### Provided material
--------------------------------
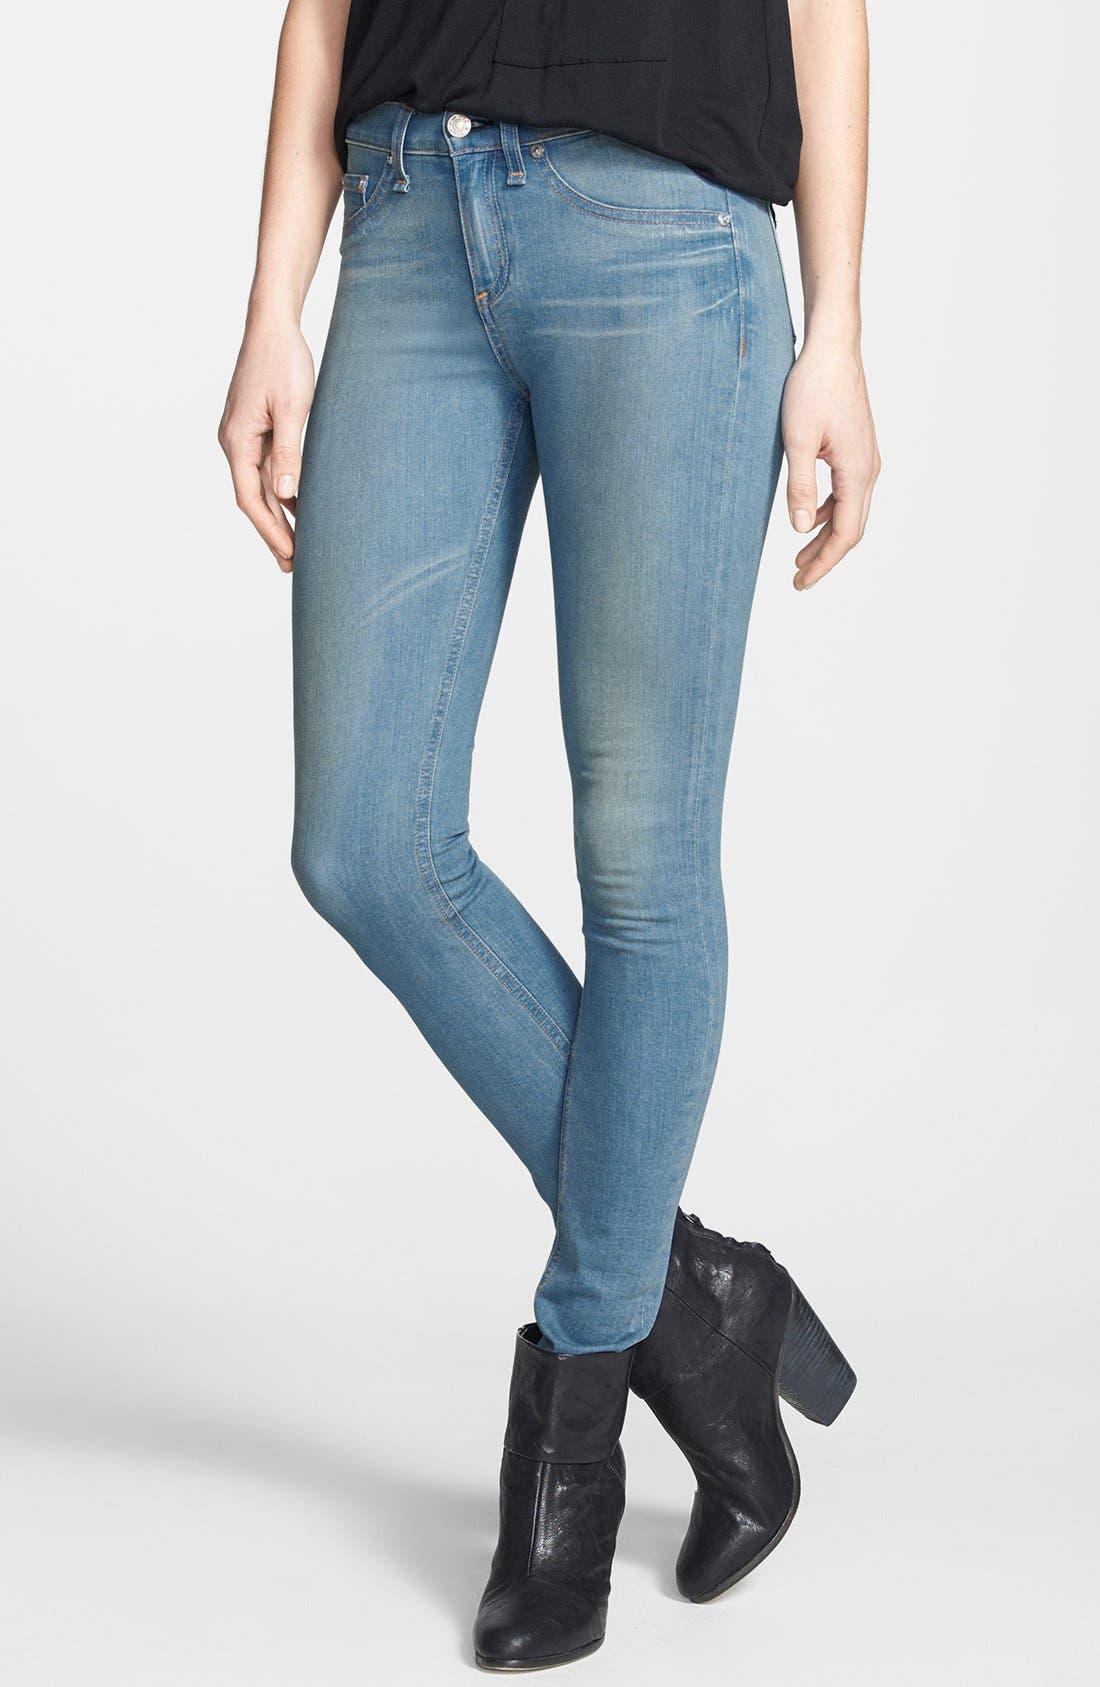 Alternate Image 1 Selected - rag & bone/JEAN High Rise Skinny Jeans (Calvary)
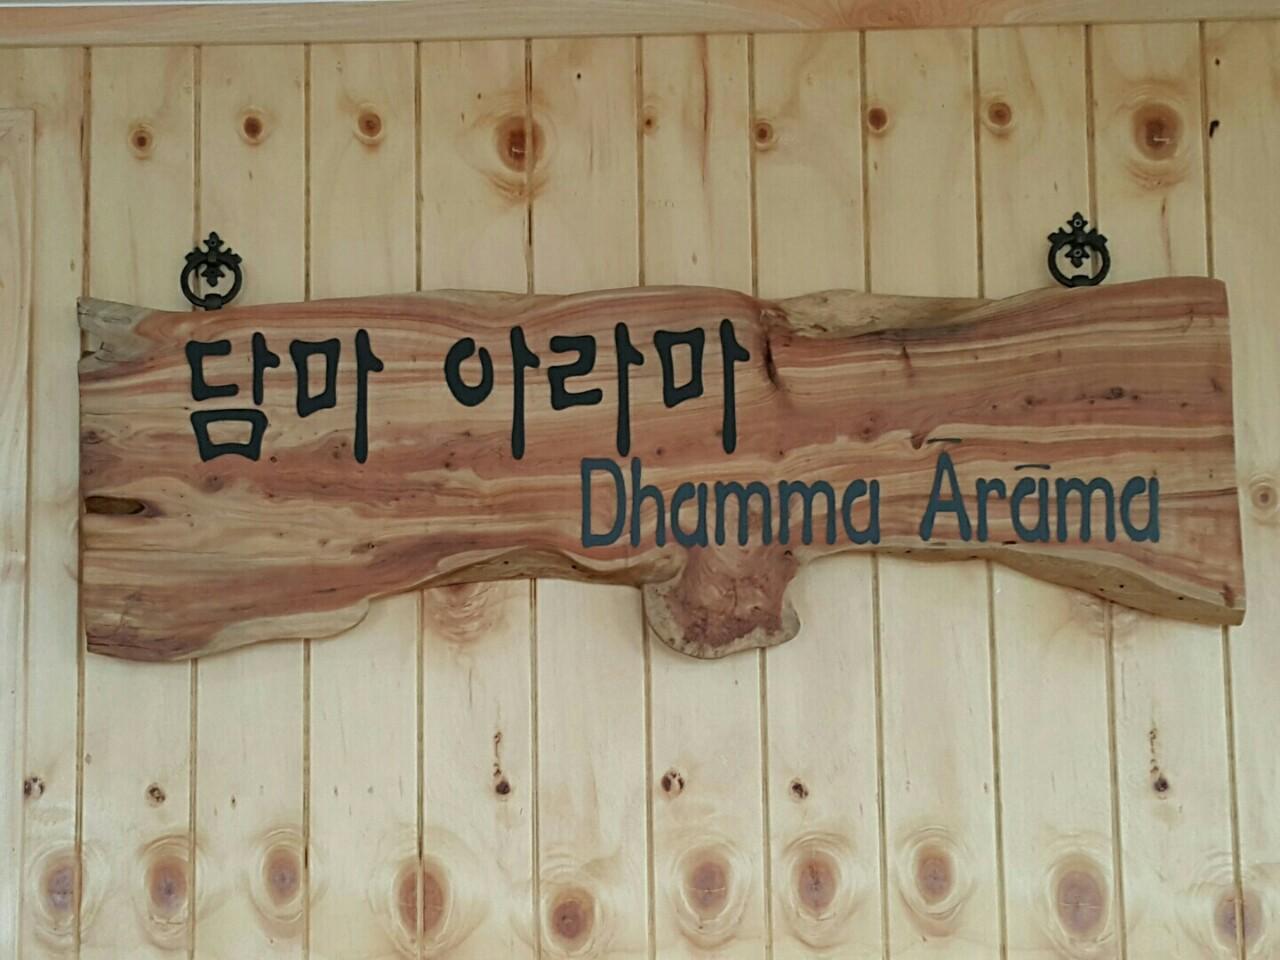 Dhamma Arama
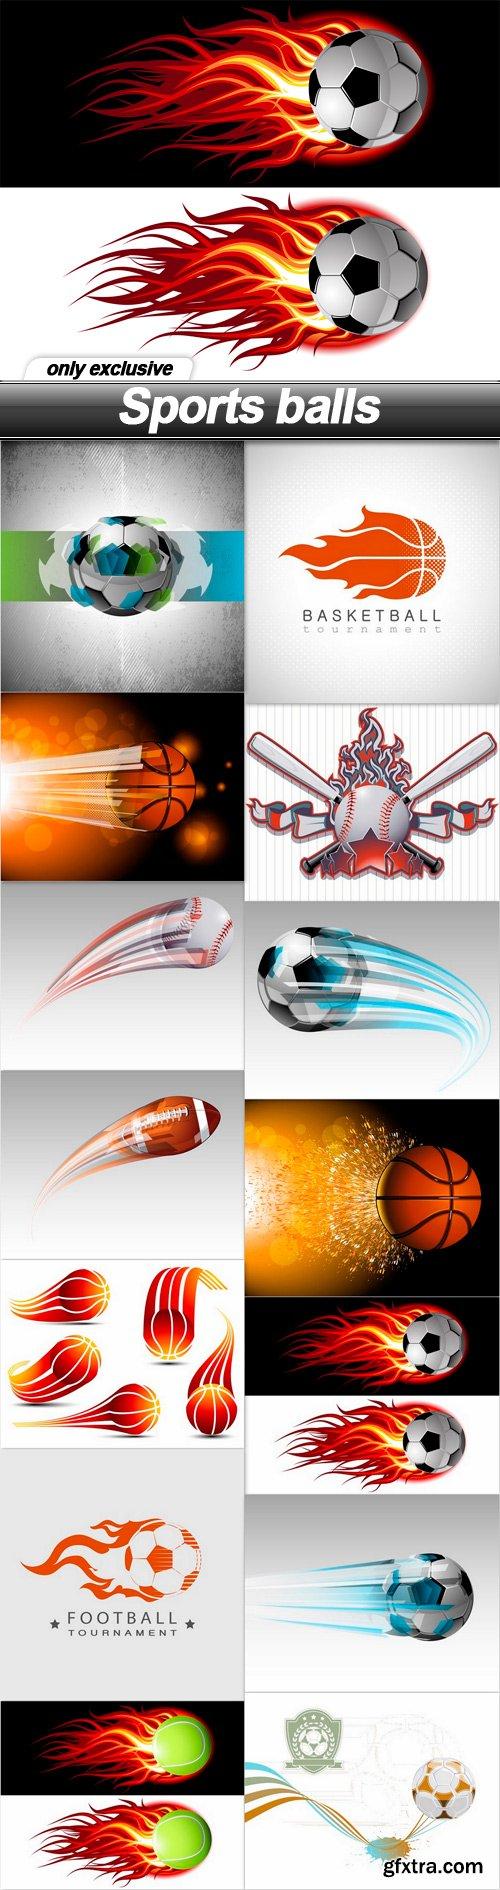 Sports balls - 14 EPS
--------------------------------
### Directions for this task
Please write out the entire listing above exactly, but leave the pictures out.

### Answer to the exercise
 Alternate Image 1 Selected - rag & bone/JEAN High Rise Skinny Jeans (Calvary)
 Dhamma Arama
 Sports balls - 14 EPS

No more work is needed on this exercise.